### PROBLEM STATEMENT
Copy exactly, and copy nothing else: the line that contains "USA, Oregon, Bandon, Coast" and all lines after it in the listing, without pictures.

*** EXERCISE DATA Section Begins ***

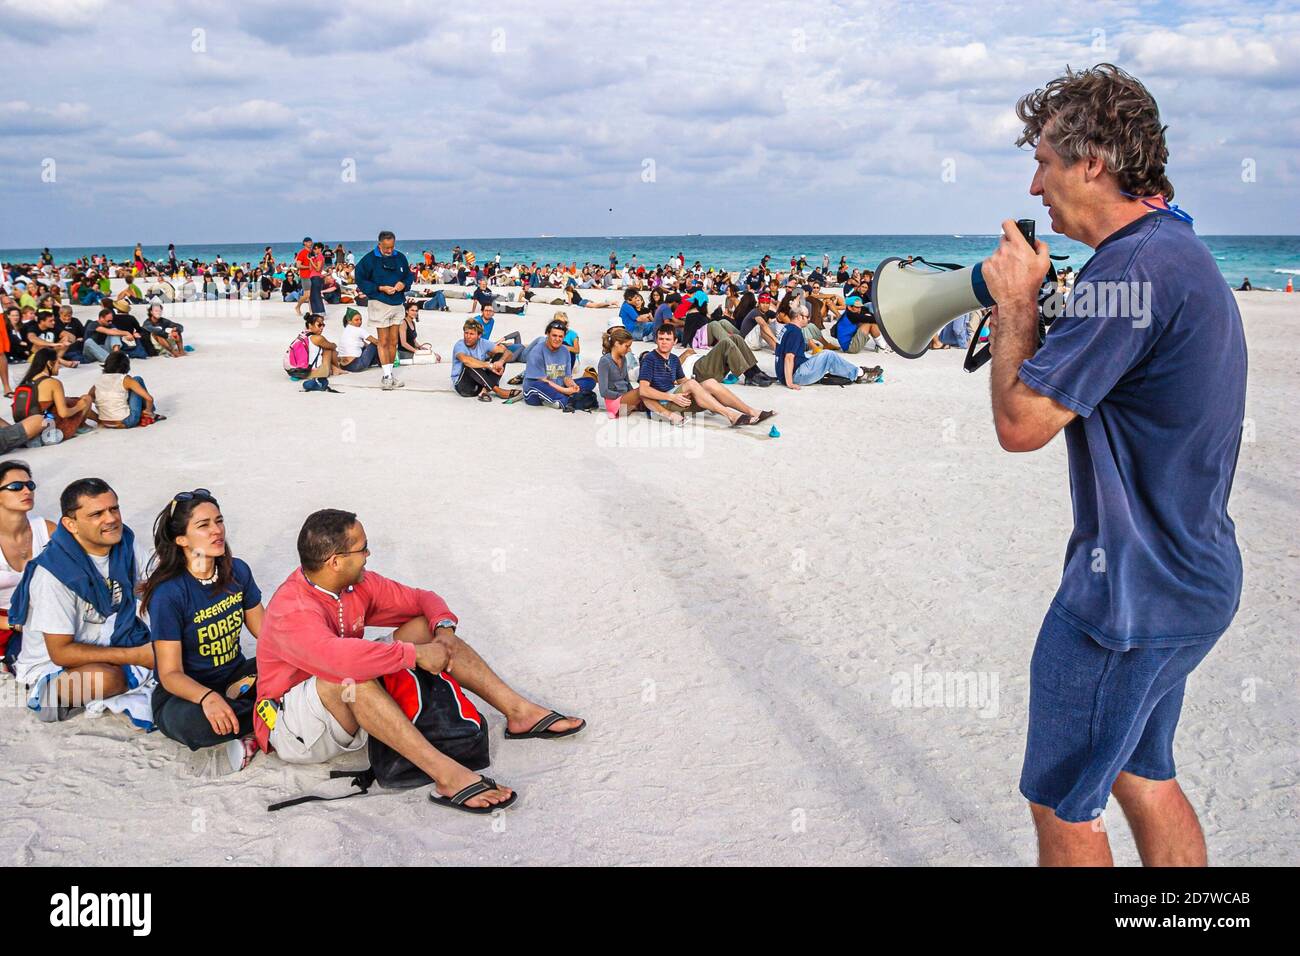 Miami Beach Florida, costa dell'Oceano Atlantico, riva del litorale Greenpeace protesta persone arrangiato Picasso's artwork fotografia aerea, volontari direttore usin Foto Stock
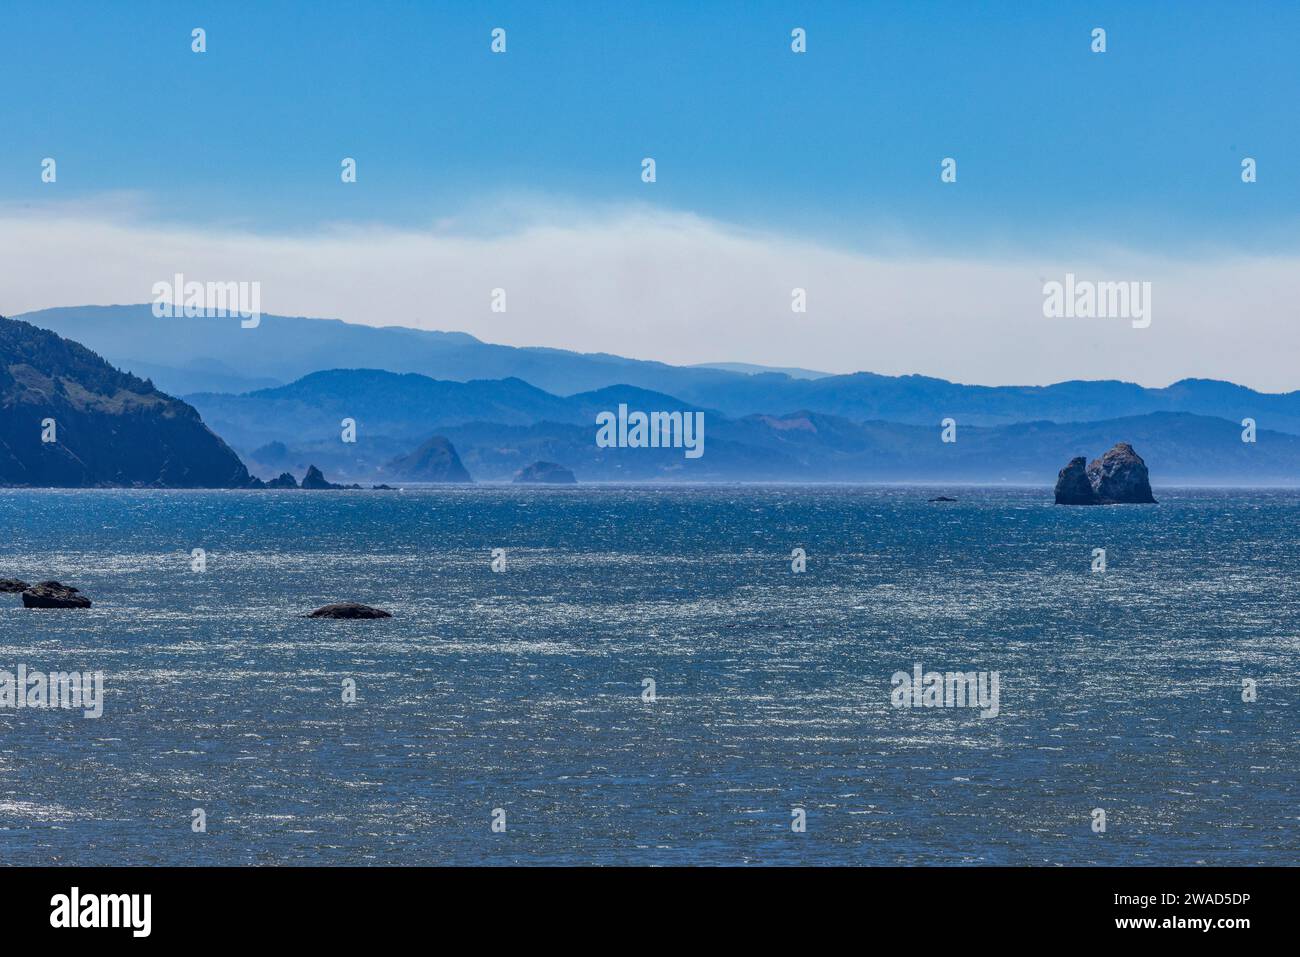 USA, Oregon, Bandon, Coast landscape and rippled sea Stock Photo
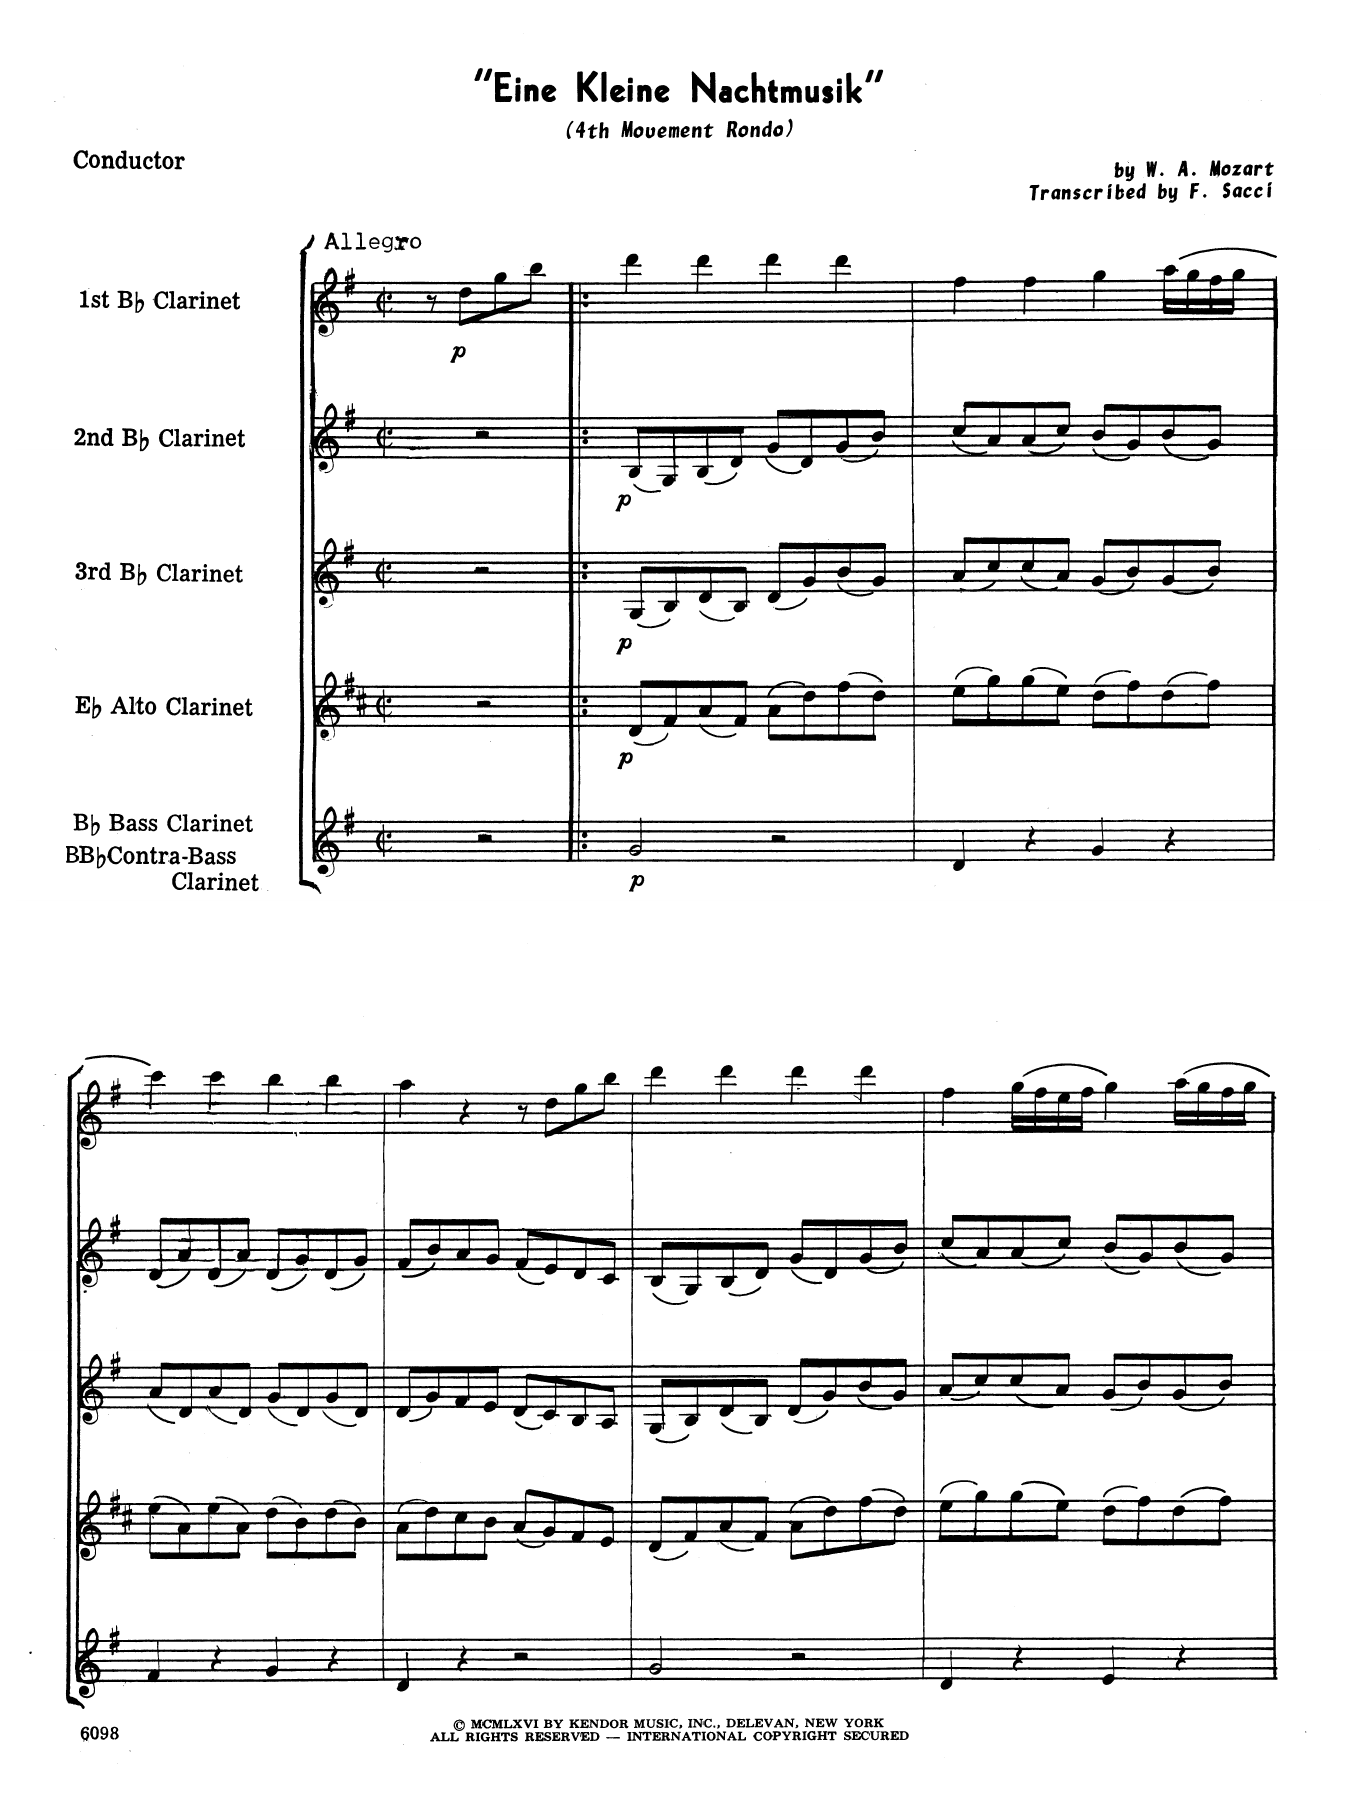 Download Wolfgang Mozart Eine Kleine Nachtmusik/Rondo (Mvt. 4) ( Sheet Music

*** EXERCISE DATA Section Ends ***

### OUTPUT FOR THIS TASK
 USA, Oregon, Bandon, Coast landscape and rippled sea Stock Photo
 Download Wolfgang Mozart Eine Kleine Nachtmusik/Rondo (Mvt. 4) ( Sheet Music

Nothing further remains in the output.